PROBLEM: Leave out the pictures and repeat exactly the lines from the one containing "خريطة متحف ريجكس" through the final line of the listing below.

★ ★ ★ ★

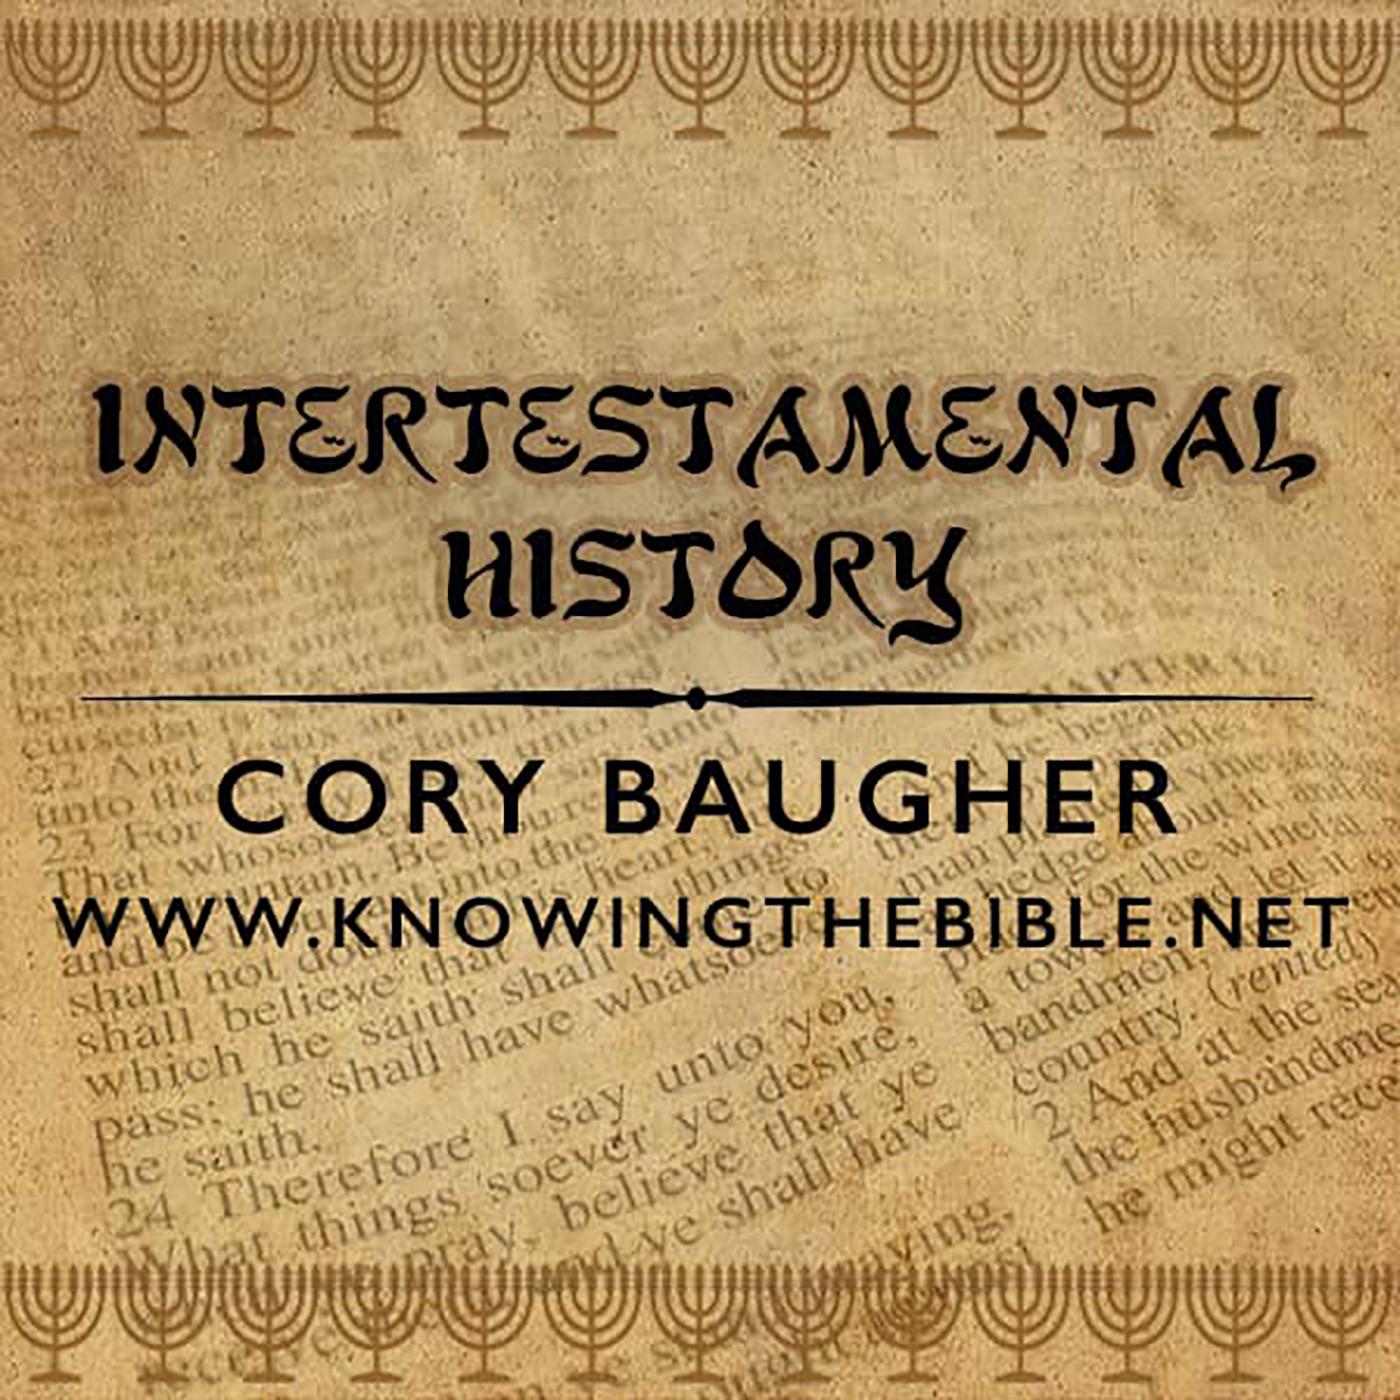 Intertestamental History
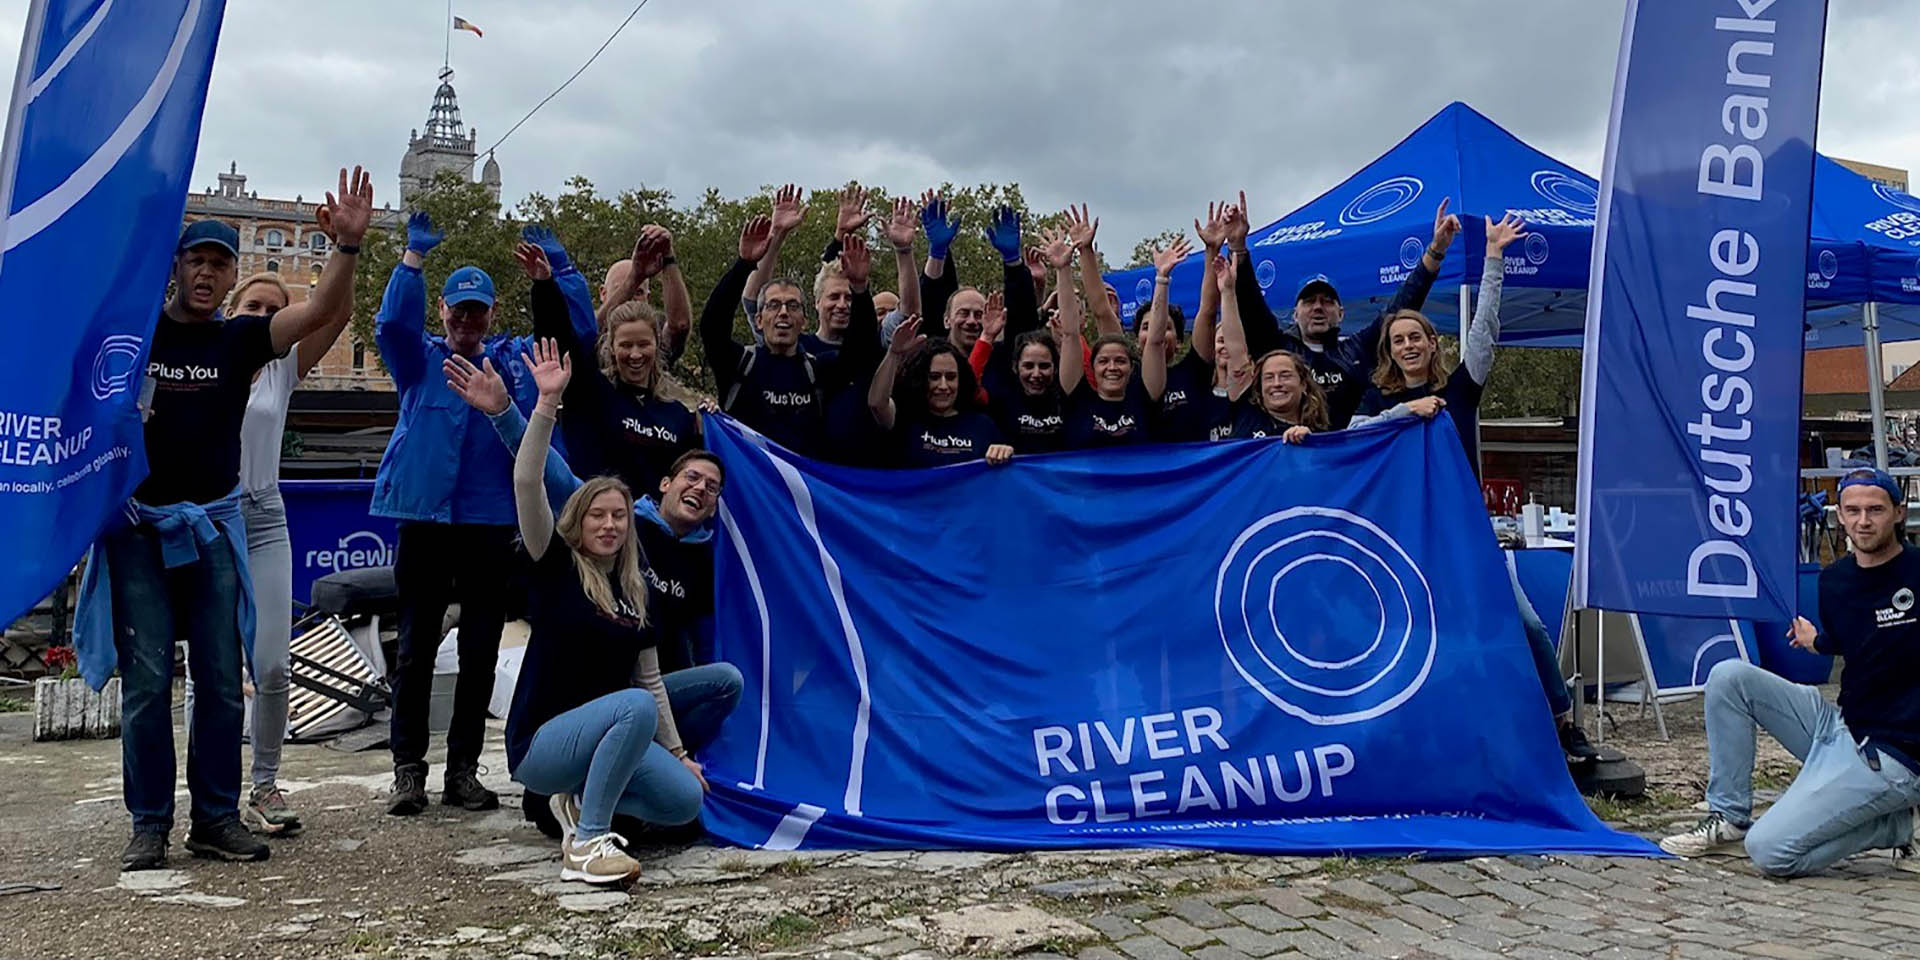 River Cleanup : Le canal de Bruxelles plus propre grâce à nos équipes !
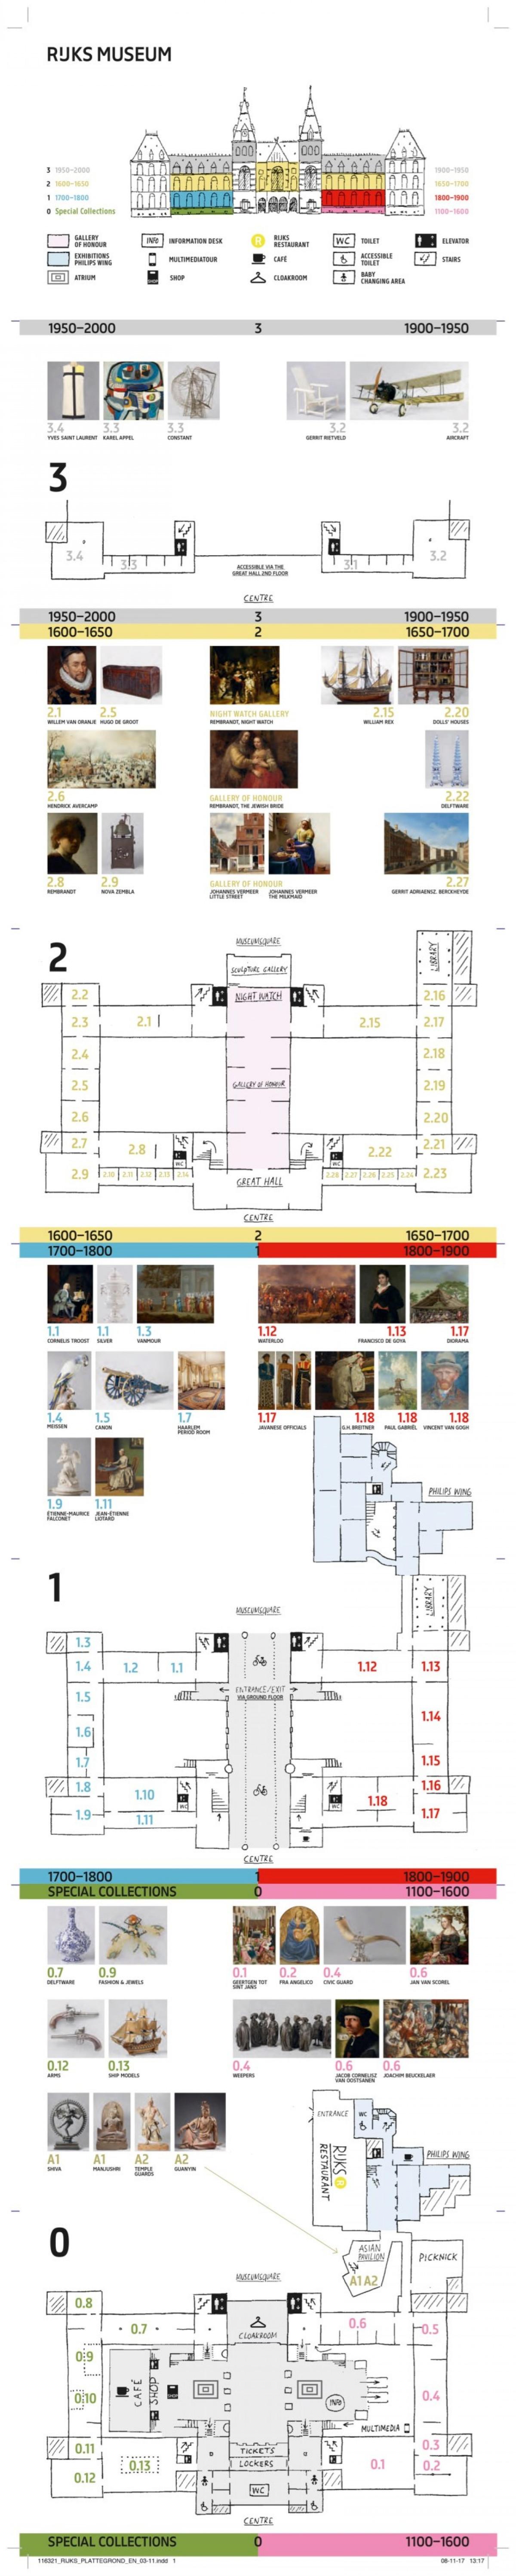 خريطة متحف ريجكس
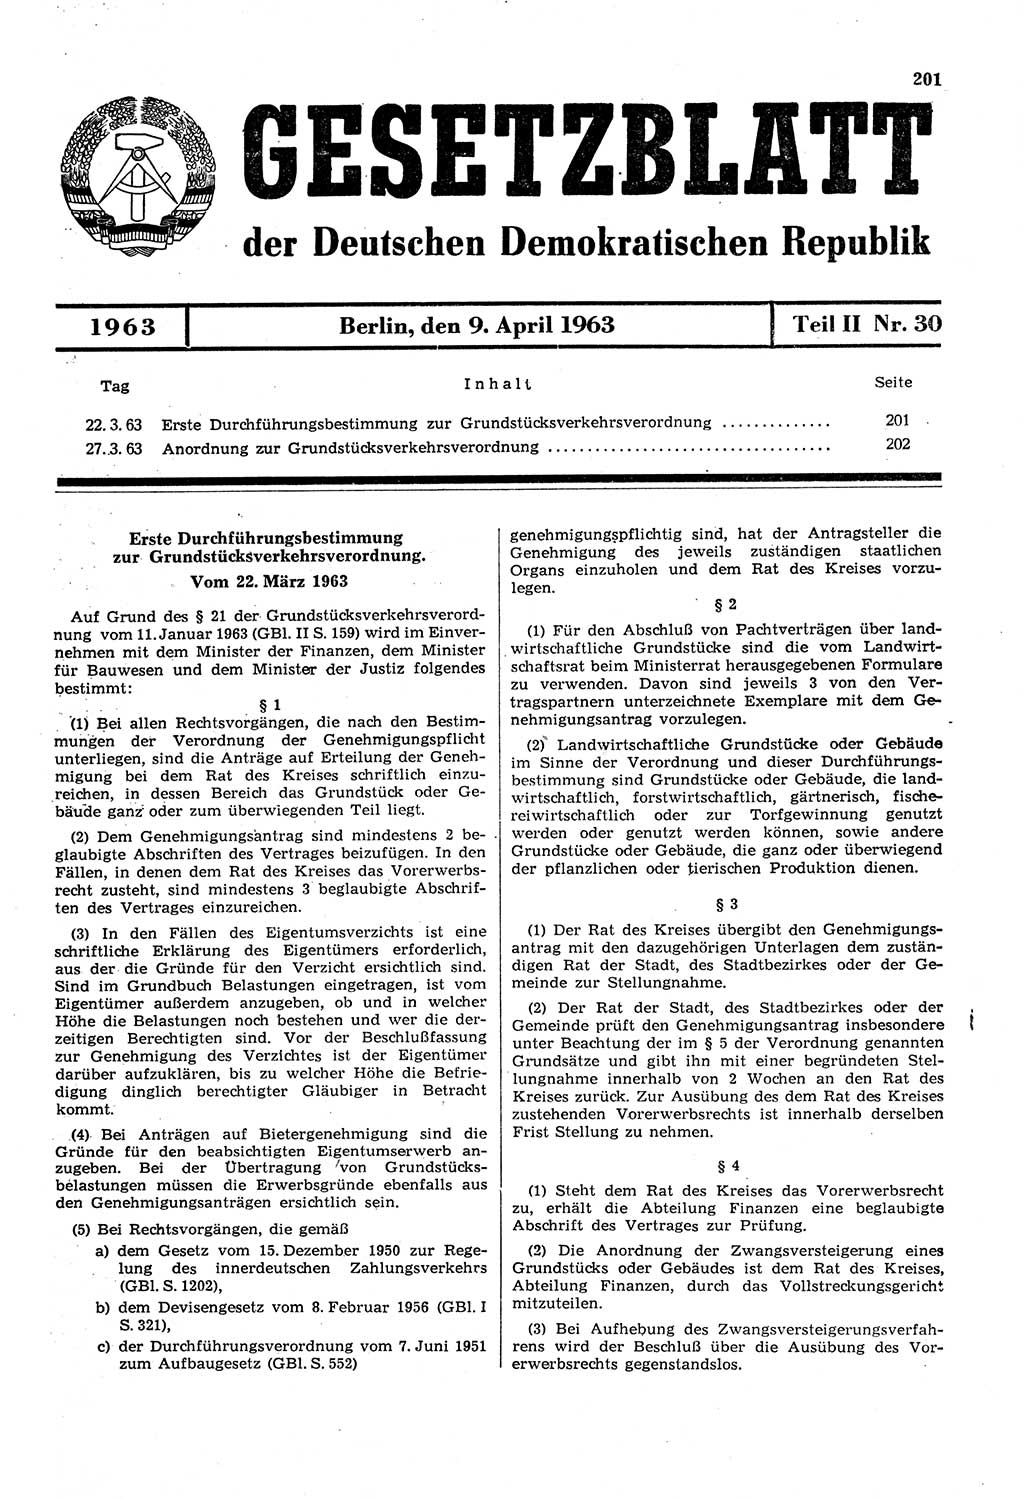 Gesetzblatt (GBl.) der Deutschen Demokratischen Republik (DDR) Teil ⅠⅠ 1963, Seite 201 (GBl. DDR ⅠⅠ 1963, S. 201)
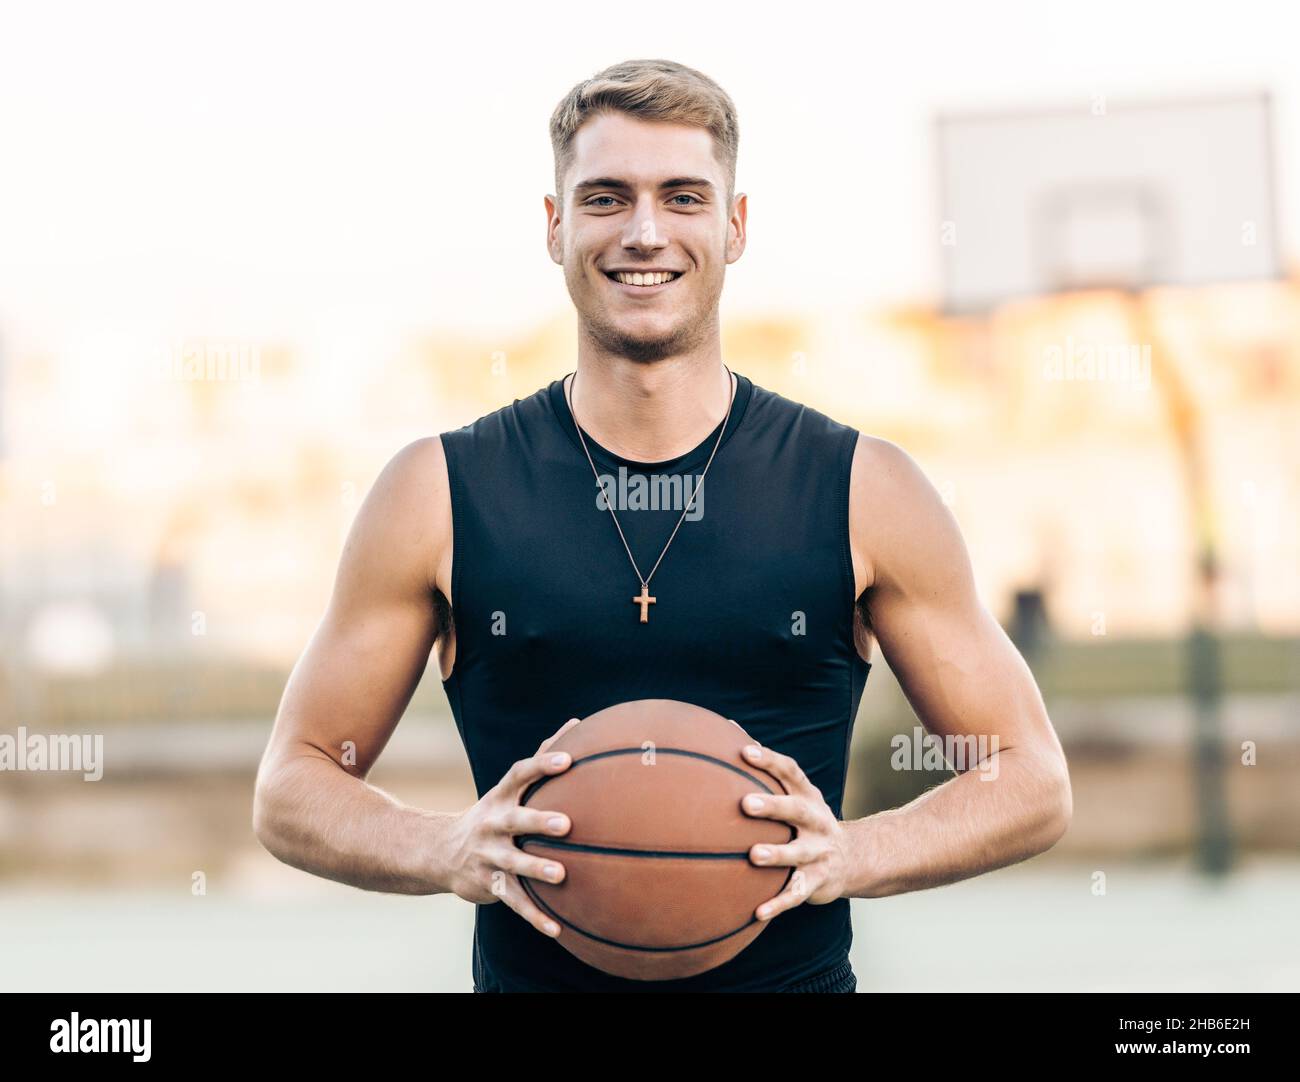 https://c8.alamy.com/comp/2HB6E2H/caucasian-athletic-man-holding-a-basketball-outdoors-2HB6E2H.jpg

★ ★ ★ ★

THE COMPLETED TASK:
 خريطة متحف ريجكس
 Gesetzblatt (GBl.) der Deutschen Demokratischen Republik (DDR) Teil ⅠⅠ 1963, Seite 201 (GBl. DDR ⅠⅠ 1963, S. 201)
 https://c8.alamy.com/comp/2HB6E2H/caucasian-athletic-man-holding-a-basketball-outdoors-2HB6E2H.jpg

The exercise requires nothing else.